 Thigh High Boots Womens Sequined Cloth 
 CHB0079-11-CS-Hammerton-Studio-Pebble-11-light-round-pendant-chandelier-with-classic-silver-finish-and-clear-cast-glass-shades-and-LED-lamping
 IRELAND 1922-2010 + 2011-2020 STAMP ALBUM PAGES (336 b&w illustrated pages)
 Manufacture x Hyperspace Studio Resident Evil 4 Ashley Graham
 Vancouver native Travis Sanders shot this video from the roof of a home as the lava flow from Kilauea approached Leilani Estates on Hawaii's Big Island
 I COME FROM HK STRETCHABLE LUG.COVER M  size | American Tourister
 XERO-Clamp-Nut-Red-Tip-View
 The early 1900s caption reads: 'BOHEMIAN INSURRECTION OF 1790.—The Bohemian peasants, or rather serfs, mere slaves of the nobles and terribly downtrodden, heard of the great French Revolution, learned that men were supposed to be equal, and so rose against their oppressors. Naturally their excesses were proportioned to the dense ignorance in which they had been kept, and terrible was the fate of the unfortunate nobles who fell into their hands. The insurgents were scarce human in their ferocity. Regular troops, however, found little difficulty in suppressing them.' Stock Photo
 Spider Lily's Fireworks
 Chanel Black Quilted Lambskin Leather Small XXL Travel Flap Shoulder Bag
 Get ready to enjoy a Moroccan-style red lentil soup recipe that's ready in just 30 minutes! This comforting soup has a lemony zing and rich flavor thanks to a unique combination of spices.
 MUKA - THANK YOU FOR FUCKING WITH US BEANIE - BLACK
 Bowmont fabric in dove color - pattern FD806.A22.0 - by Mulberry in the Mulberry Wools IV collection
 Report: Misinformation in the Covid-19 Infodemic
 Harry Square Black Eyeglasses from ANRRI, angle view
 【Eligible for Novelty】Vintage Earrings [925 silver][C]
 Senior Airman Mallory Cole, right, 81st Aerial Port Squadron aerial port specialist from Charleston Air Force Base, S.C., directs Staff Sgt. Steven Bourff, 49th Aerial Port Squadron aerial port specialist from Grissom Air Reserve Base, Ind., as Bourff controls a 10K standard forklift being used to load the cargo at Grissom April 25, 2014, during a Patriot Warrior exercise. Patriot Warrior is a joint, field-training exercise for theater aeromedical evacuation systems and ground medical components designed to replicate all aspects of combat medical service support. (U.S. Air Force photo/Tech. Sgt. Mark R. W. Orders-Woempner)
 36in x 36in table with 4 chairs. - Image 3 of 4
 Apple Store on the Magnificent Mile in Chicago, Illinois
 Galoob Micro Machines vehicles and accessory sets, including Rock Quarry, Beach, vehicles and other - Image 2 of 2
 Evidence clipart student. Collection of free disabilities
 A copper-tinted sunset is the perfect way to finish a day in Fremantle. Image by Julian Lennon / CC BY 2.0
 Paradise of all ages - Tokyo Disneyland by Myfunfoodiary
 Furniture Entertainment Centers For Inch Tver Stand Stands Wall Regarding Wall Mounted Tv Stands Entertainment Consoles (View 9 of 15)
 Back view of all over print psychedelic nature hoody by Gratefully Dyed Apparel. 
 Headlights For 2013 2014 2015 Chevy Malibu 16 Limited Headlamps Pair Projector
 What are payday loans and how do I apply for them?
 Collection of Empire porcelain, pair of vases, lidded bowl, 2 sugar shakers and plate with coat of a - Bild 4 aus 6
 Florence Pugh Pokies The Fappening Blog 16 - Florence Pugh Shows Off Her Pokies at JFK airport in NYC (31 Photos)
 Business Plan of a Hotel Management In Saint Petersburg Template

**Aim of the task:** Copy task for the entries above: every line with the string "silver".

**Output for this task:**
 CHB0079-11-CS-Hammerton-Studio-Pebble-11-light-round-pendant-chandelier-with-classic-silver-finish-and-clear-cast-glass-shades-and-LED-lamping
 【Eligible for Novelty】Vintage Earrings [925 silver][C]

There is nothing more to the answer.